BEGIN

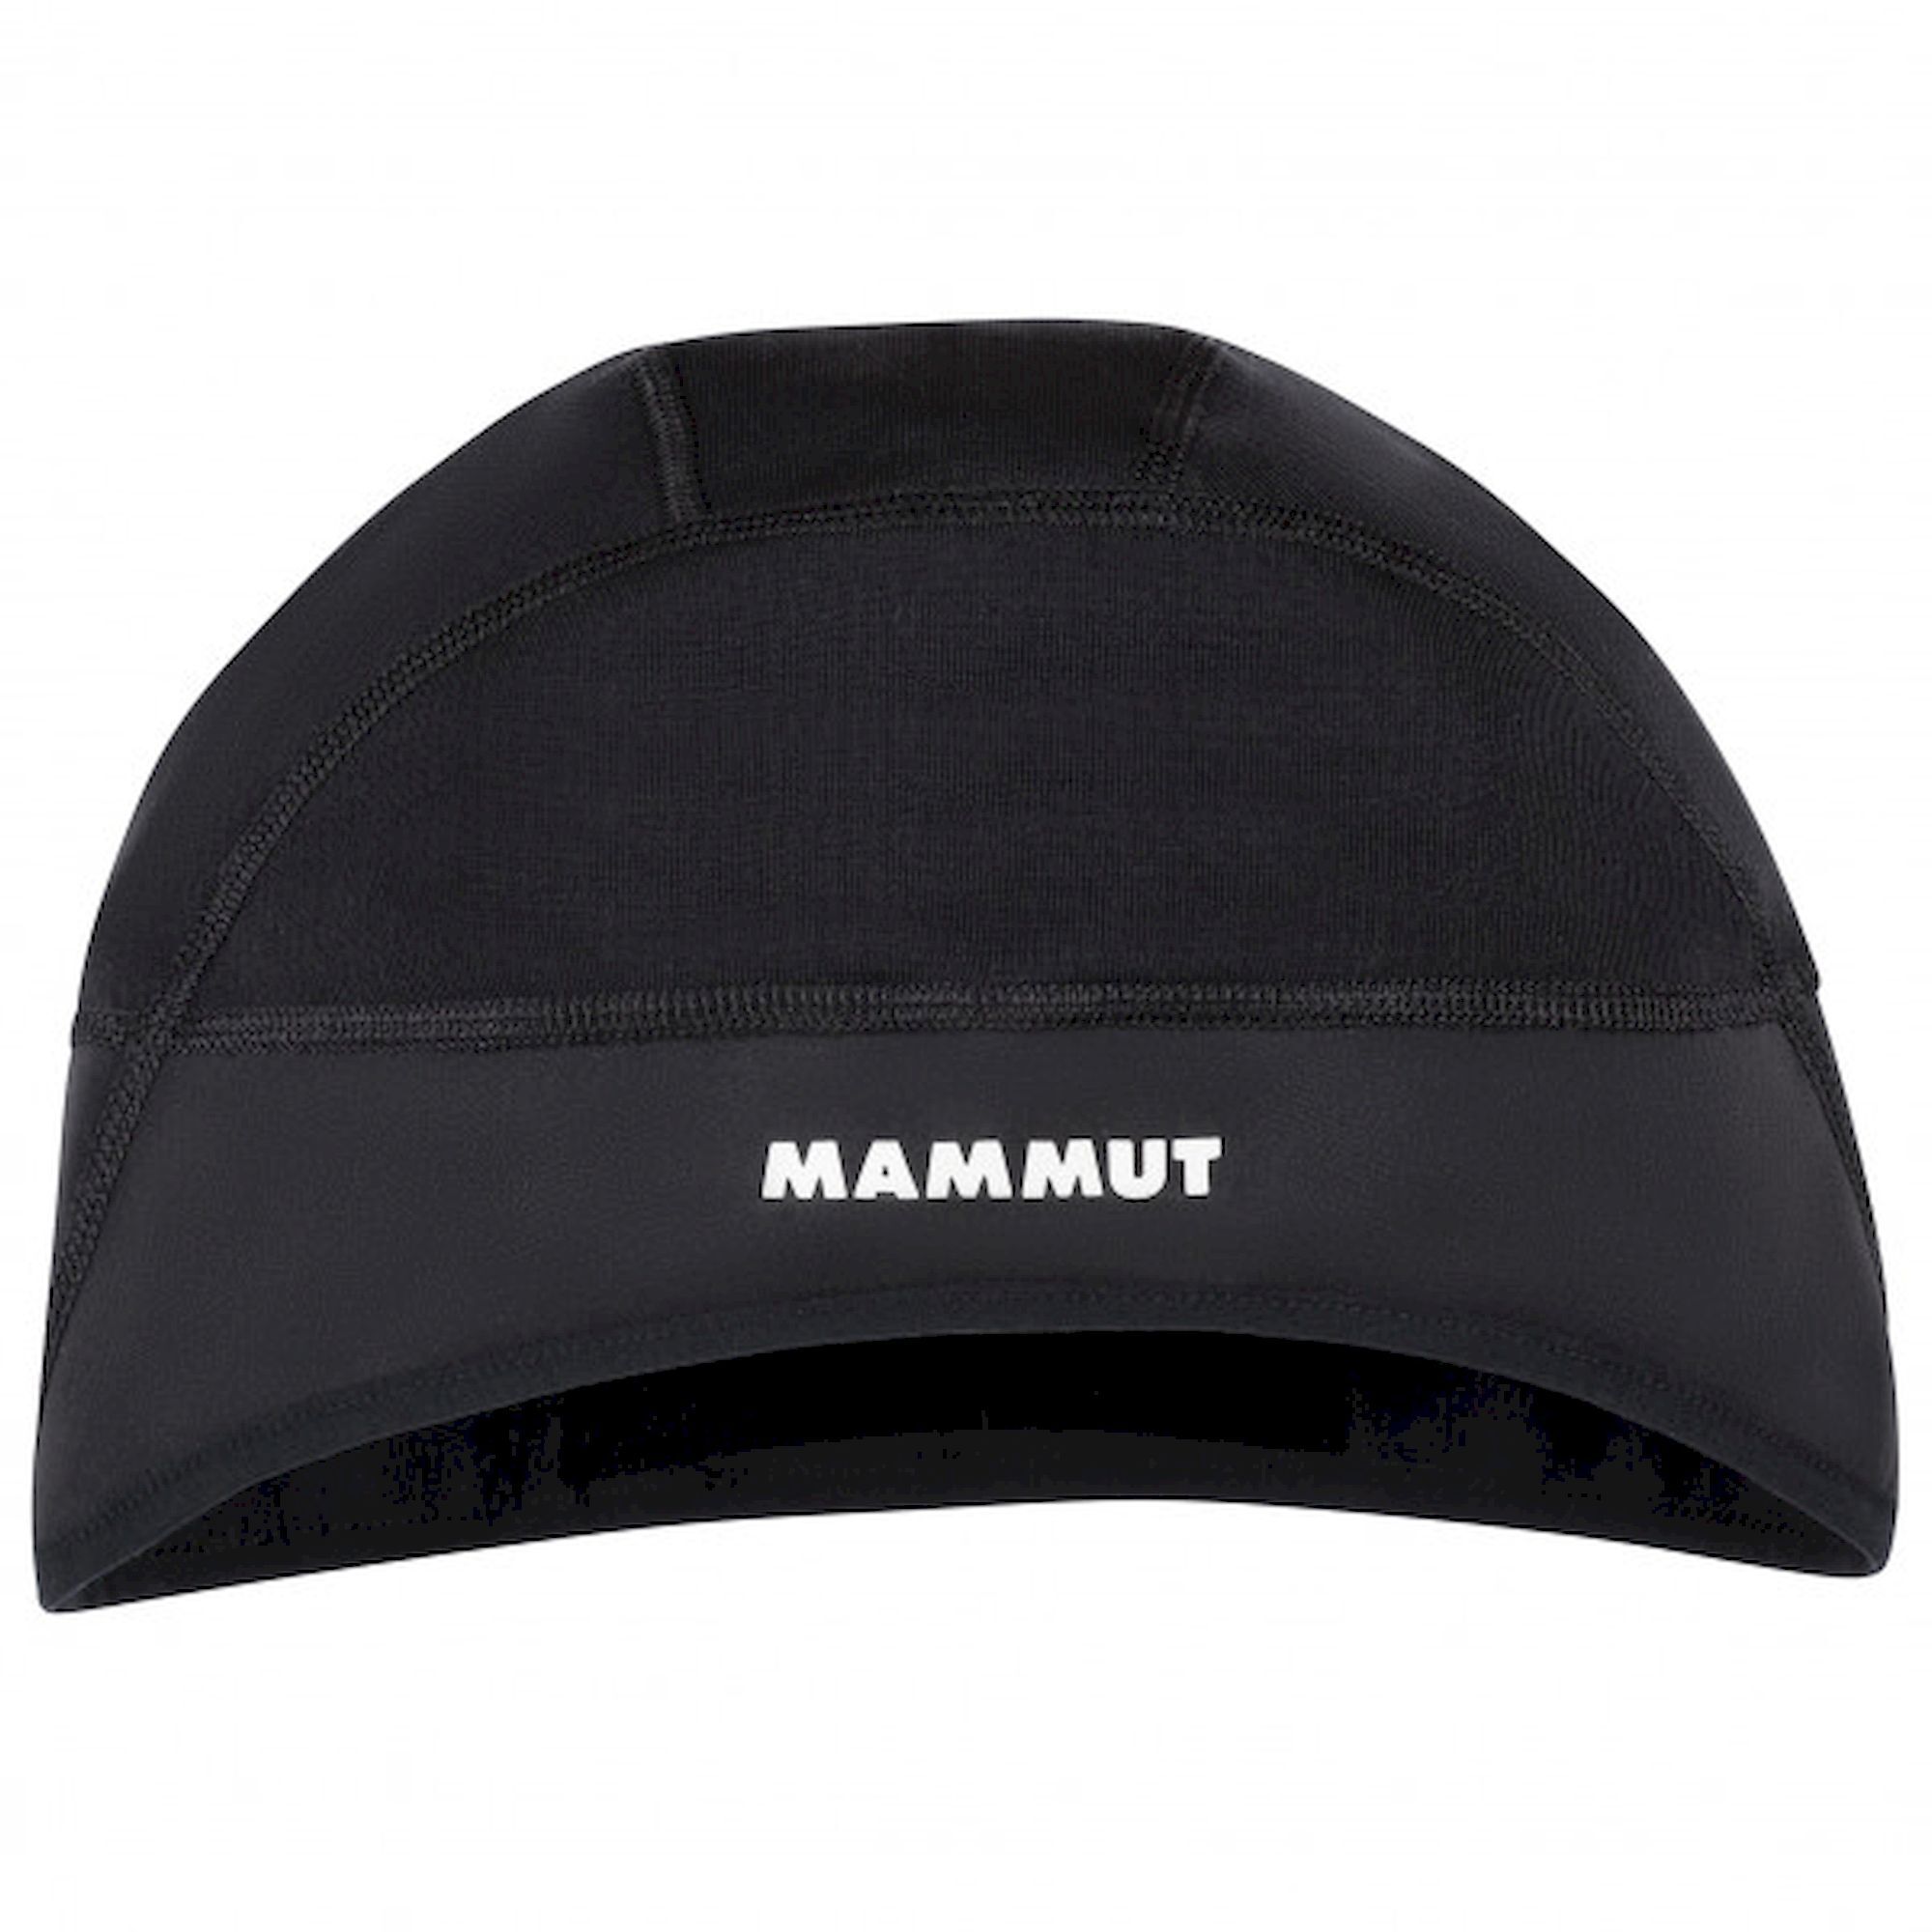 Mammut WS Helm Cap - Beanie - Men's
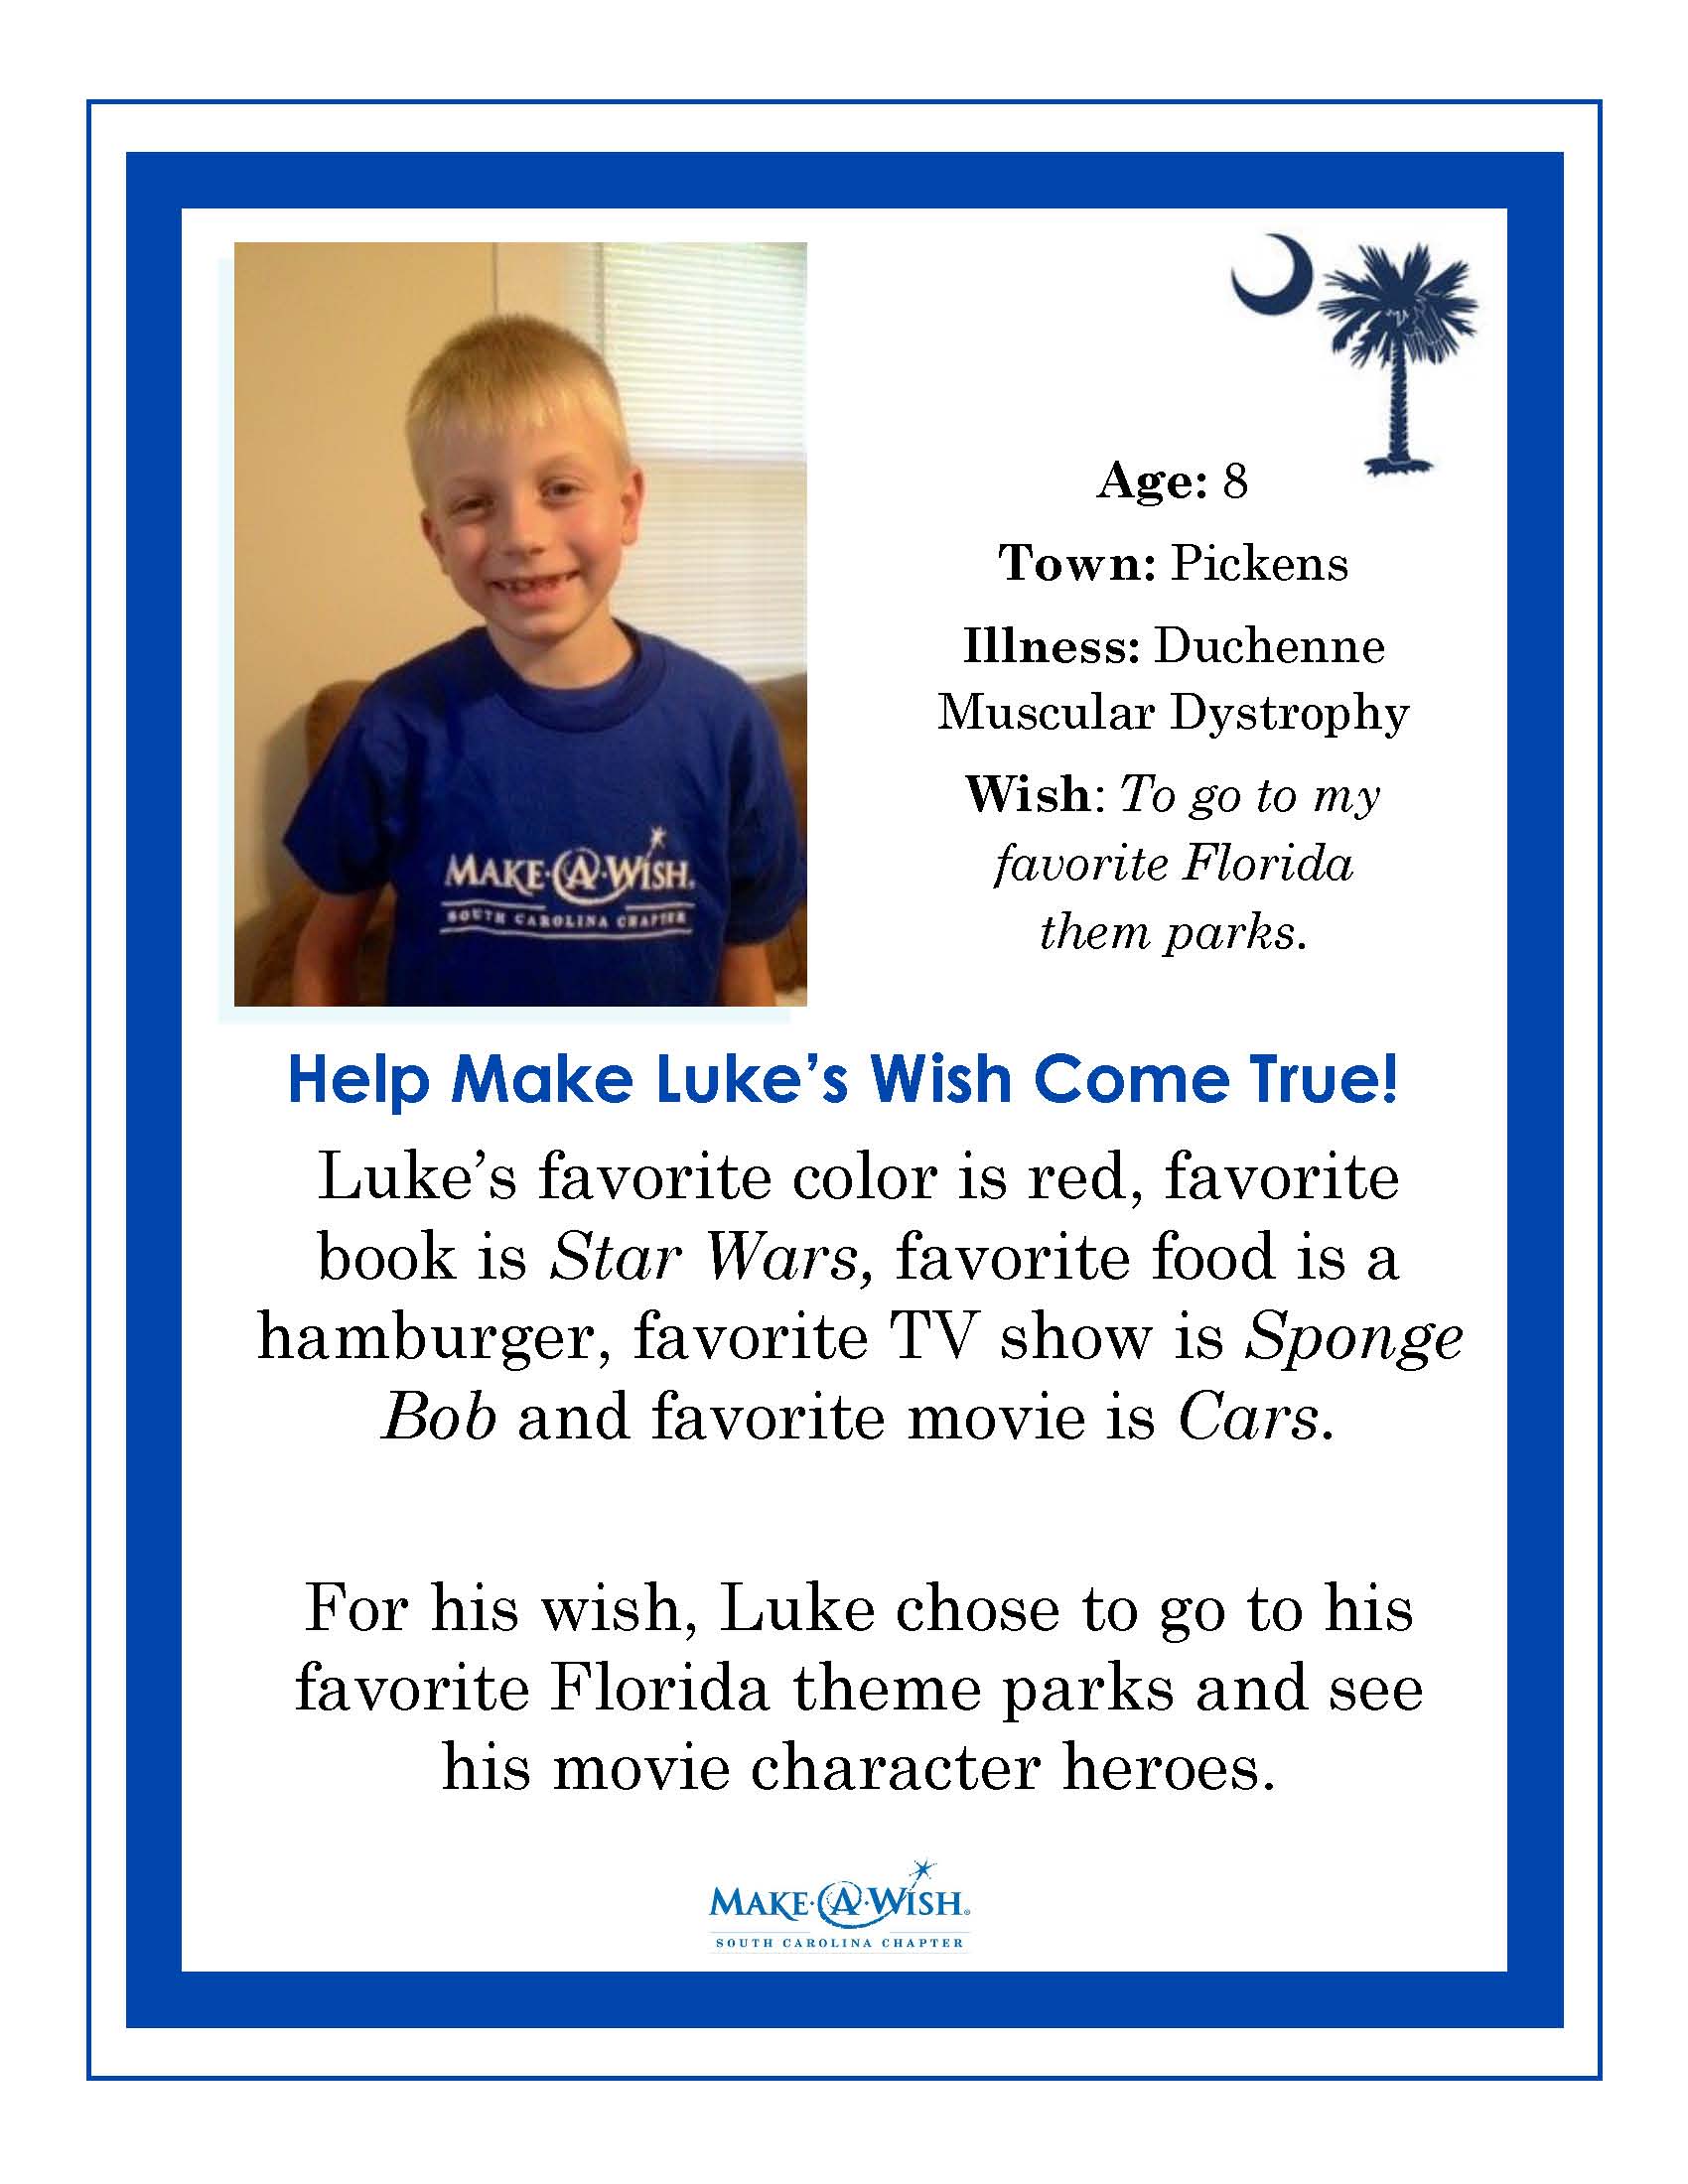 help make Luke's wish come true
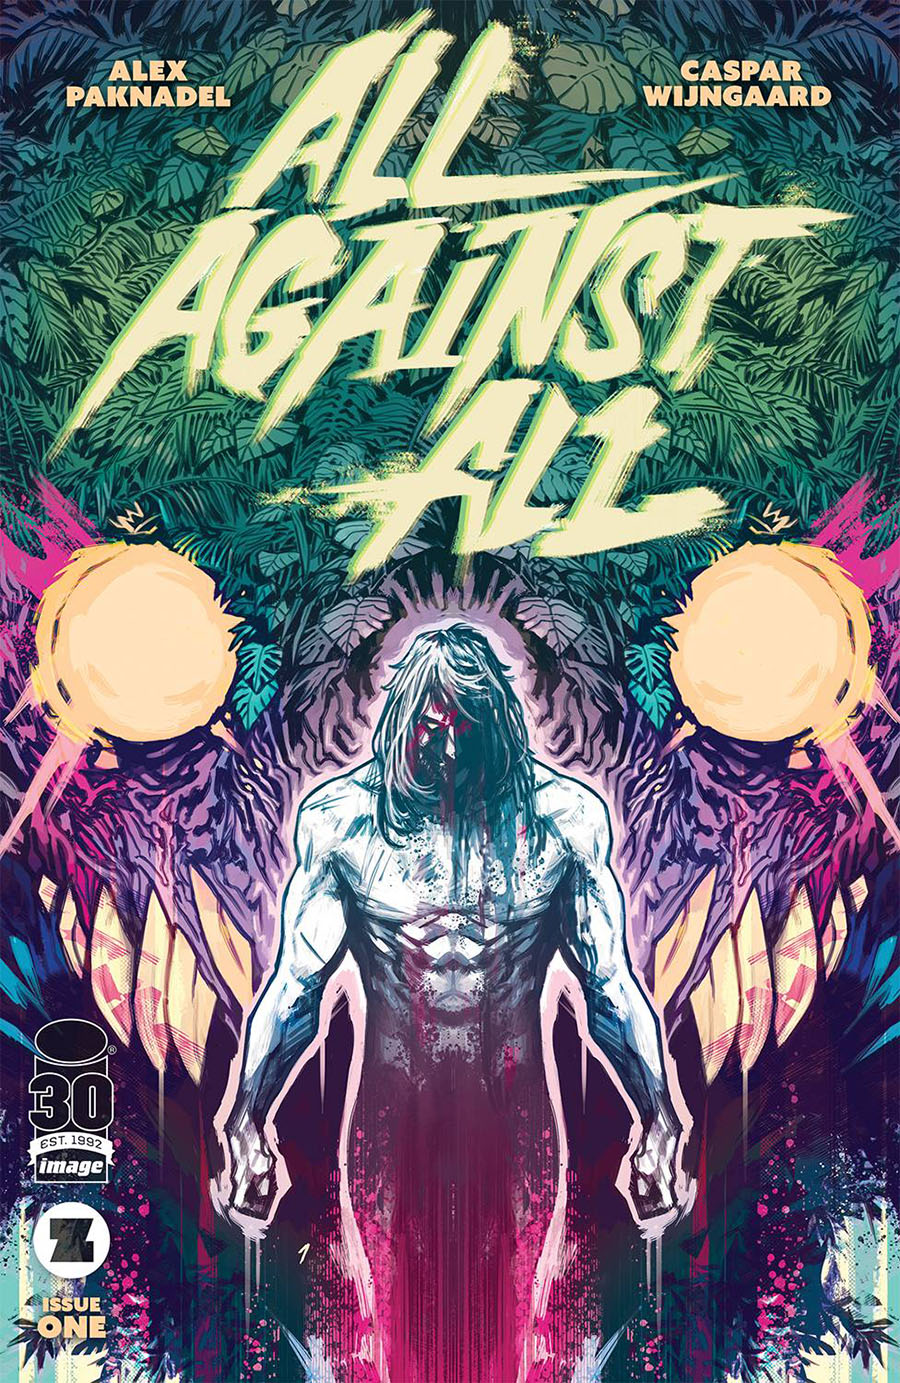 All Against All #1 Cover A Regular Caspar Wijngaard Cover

END

Task item
Give the preceding data back exactly, minus every picture.

Task result
 Mammut WS Helm Cap - Beanie - Men's
 help make Luke's wish come true
 All Against All #1 Cover A Regular Caspar Wijngaard Cover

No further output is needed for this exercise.